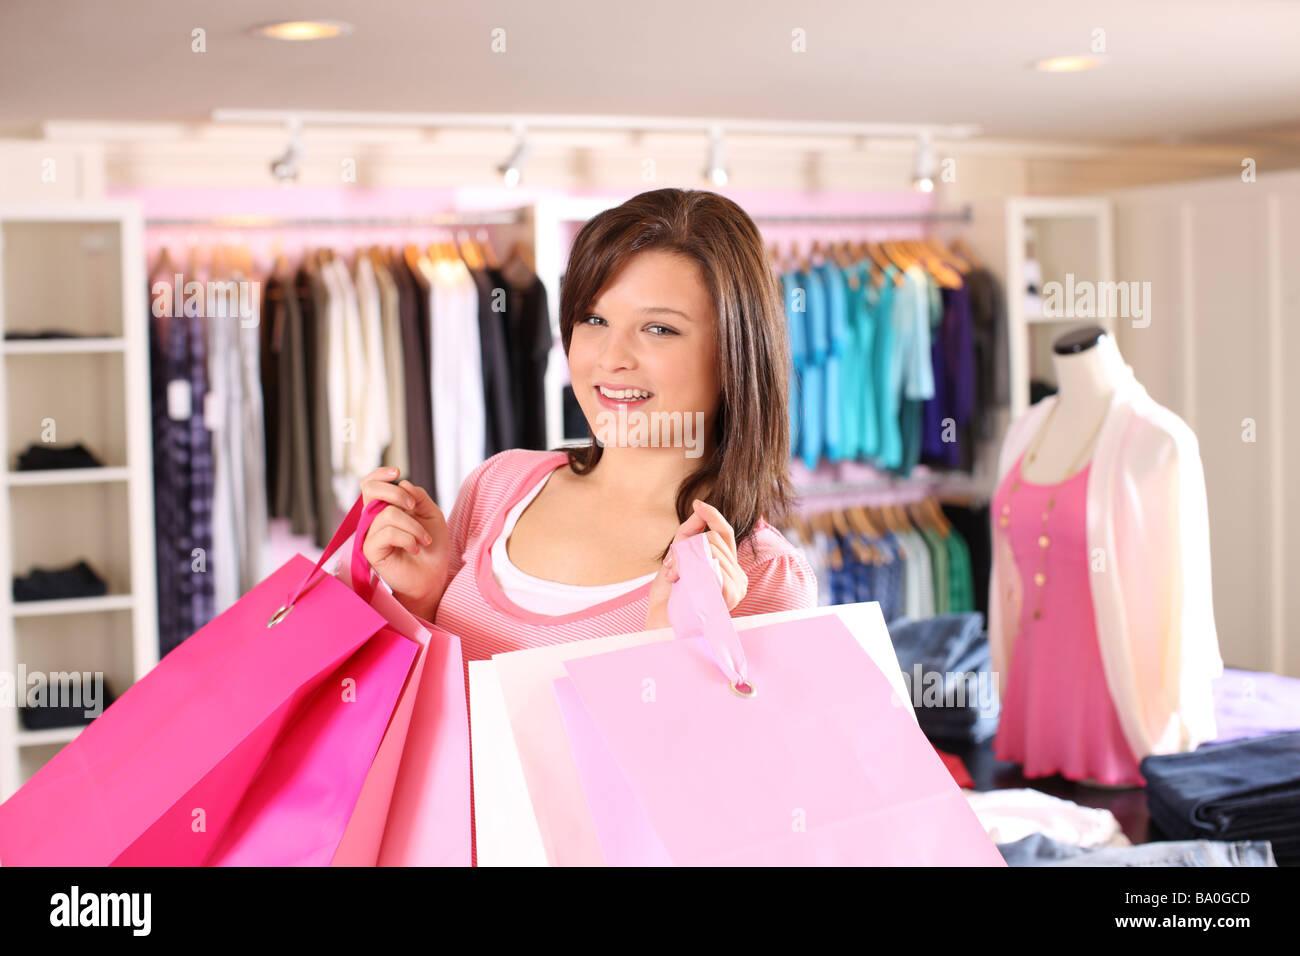 Teen shopper sosteniendo bolsas Foto de stock
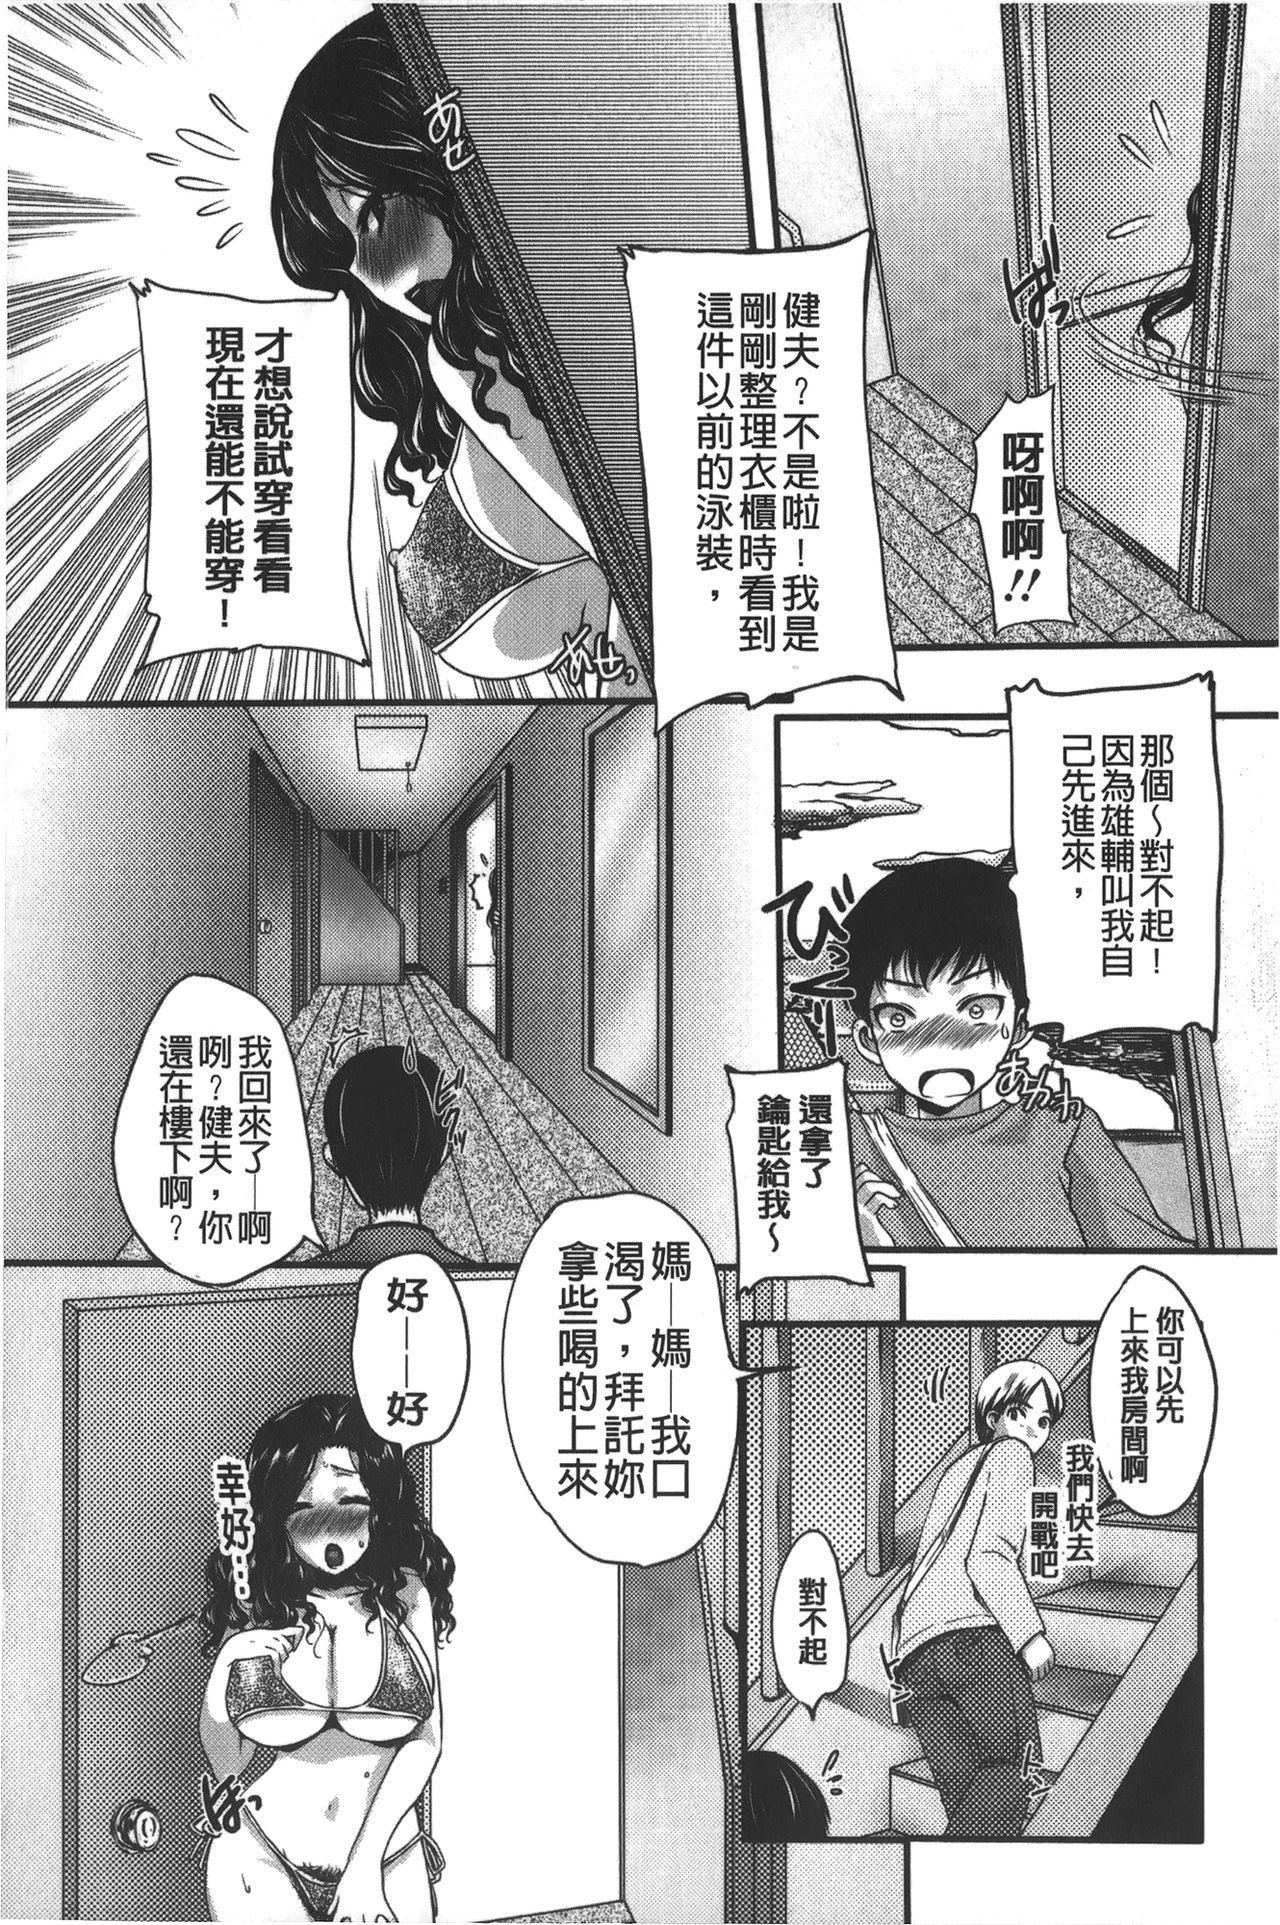 Kanjuku Torozuma 32
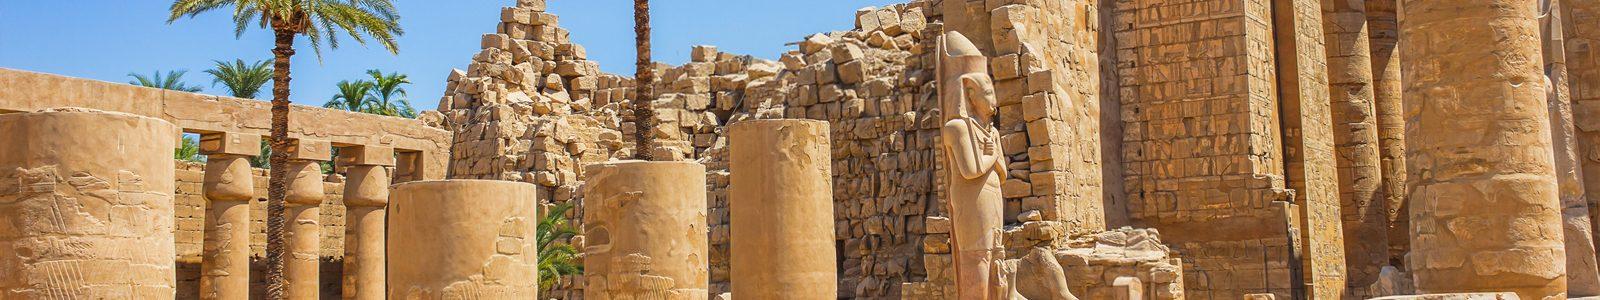 Egypt Itinerary 11 Days
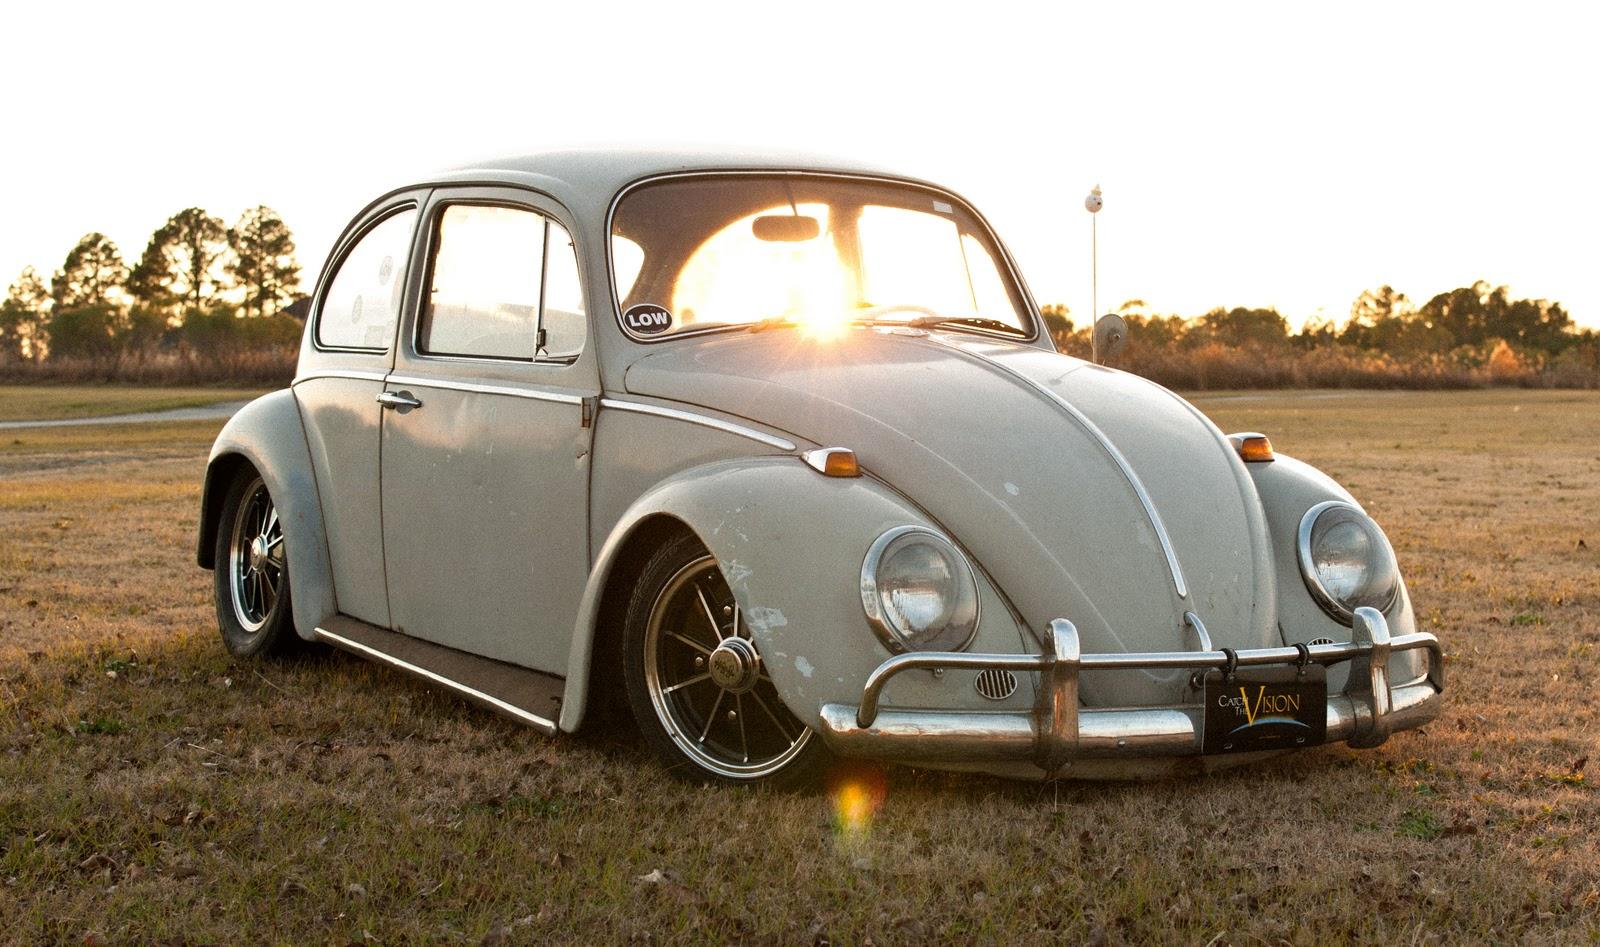 Otis - my '65 Beetle DSC_0005-2

_What is being asked_. Omit the pictures, then retype the remaining material without a single change.

_Exercise answer_.
 Teen shopper sosteniendo bolsas Foto de stock
 Kanjuku Torozuma 32
 Egypt Itinerary 11 Days
 Otis - my '65 Beetle DSC_0005-2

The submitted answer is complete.